Monday, September 8, 2008
I'm 34
our lovely bathroom
It was late one night and I was awake rearranging furniture for the 85th time. Hot, sticky and covered in cat hair and dust, I needed to take a shower. But wait, let's reminisce...
I am a homeowner. I renovated the bathroom in my house in Chicago. It's cute, clean, white and baby blue. It was not cheap. Now, I am also a renter. Our bathroom in New York is not cute, not clean, not white, and the only thing that's baby blue is the 3x3 bathmat from Ikea.
So there are problems with the bathroom. During our first week back in New York, the downstairs neighbor knocked on the door while Dave was taking a shower and told me that there was water leaking into her bathroom. She called the landlord and about 20 minutes later, the landlord and her husband showed up wearing terry cloth visors and carrying giant cups of bubble tea asking about the leak. With a brief "we'll take care of it ASAP" they were out the door. "Oh - and don't forget to cover that part of the tile wall with a garbage bag," they said.
The following week, nothing fixed, we noticed a large blob forming in the ceiling. Slowly it began to drip into our shower, the dampness spreading across the bathroom ceiling like sweat. Bubbles appeared in the plaster around the shower head, rust stains formed above us. We call the landlords again. They call the plumbers again. Two Danny's and one Tommy later, nothing has been fixed. They walk in, look at the water seeping into the wall, tell us it isn't a plumbing problem and don't come back.

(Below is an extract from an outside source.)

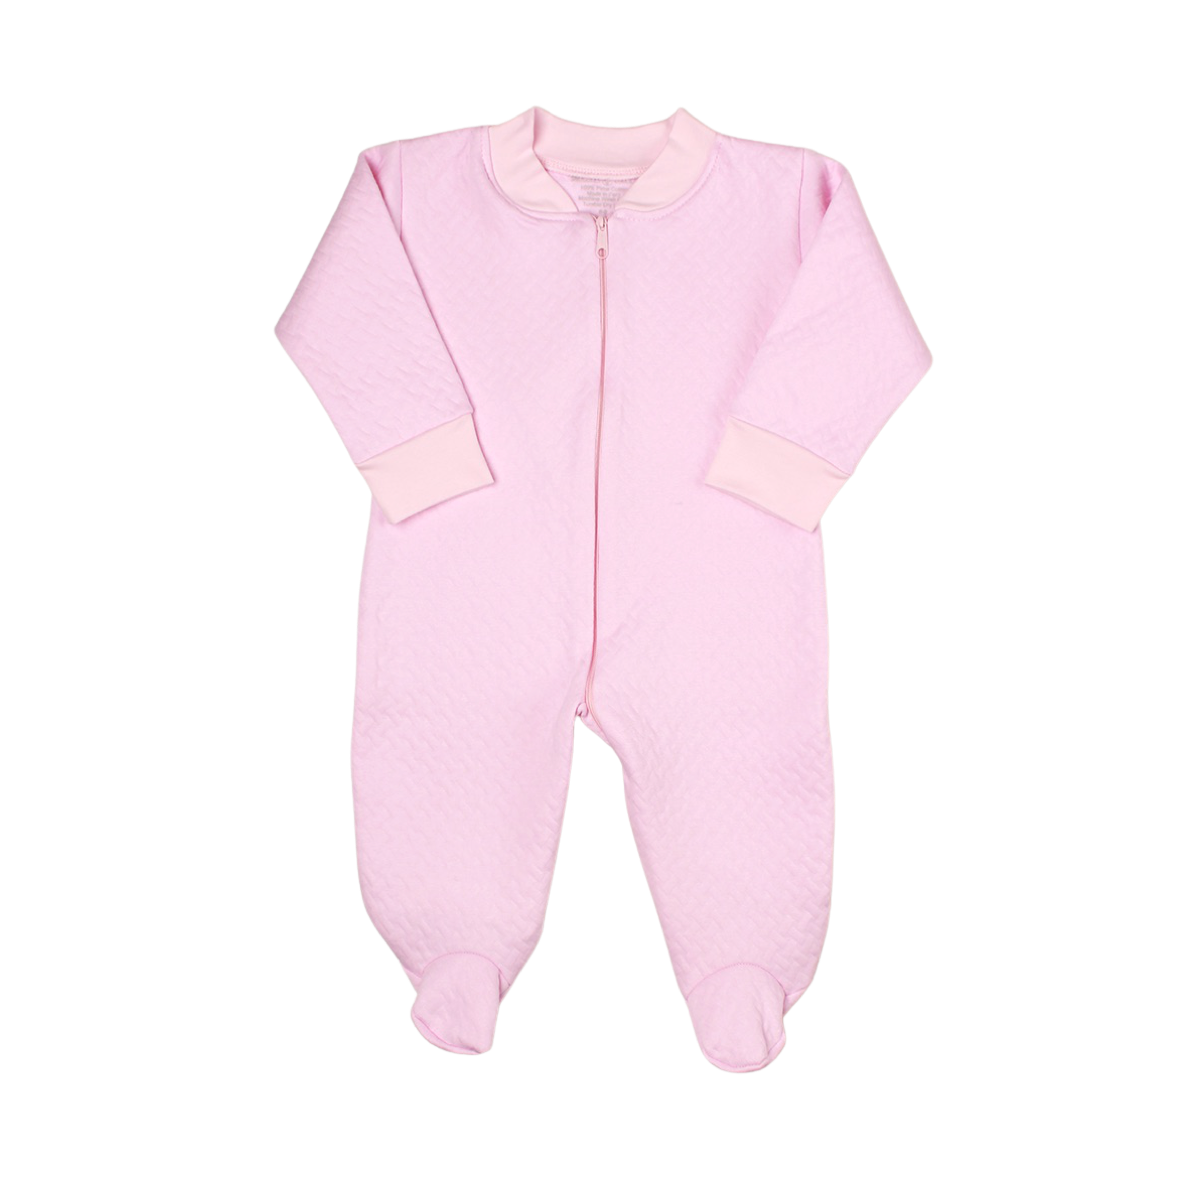 Sleep and Play Zipper Footie in Jacquard Cotton - Pink

Cut to one month later, I'm in the shower, garbage bag taped to one side of the wall, heavy bubble above my head, a light dusting of mold on the wall. I look up to see a small blob coming out of the ceiling. Not rust, not plaster, not a water bubble. It's a bit like gnochhi, actually, plump and beige with little ridges. I start to think....god, what if this is a larvae? What if this is a weird bug sack - and if I pop it, millions of bugs rain down on me? I get out of the shower, dry off and push on it with the end of a hanger while standing on the toilet. It feels stiff. I'm exhausted and wearing a towel. It's probably nothing. So I go to sleep.
The next morning, I'm moving around more furniture and I hear Dave...Eeeww! What is that? Kim! You gotta see this. I come into the bathroom and it is BIGGER. It is coming out of the ceiling....out of the ceiling and it's bigger. Gross, gross, gross...what is it? Bug sack! Bug sack! Dave stands on the toilet, pushes on it gently - awaiting the deluge of baby spiders.
It snaps cleanly in half. Growing out of our bathroom ceiling is a mushroom.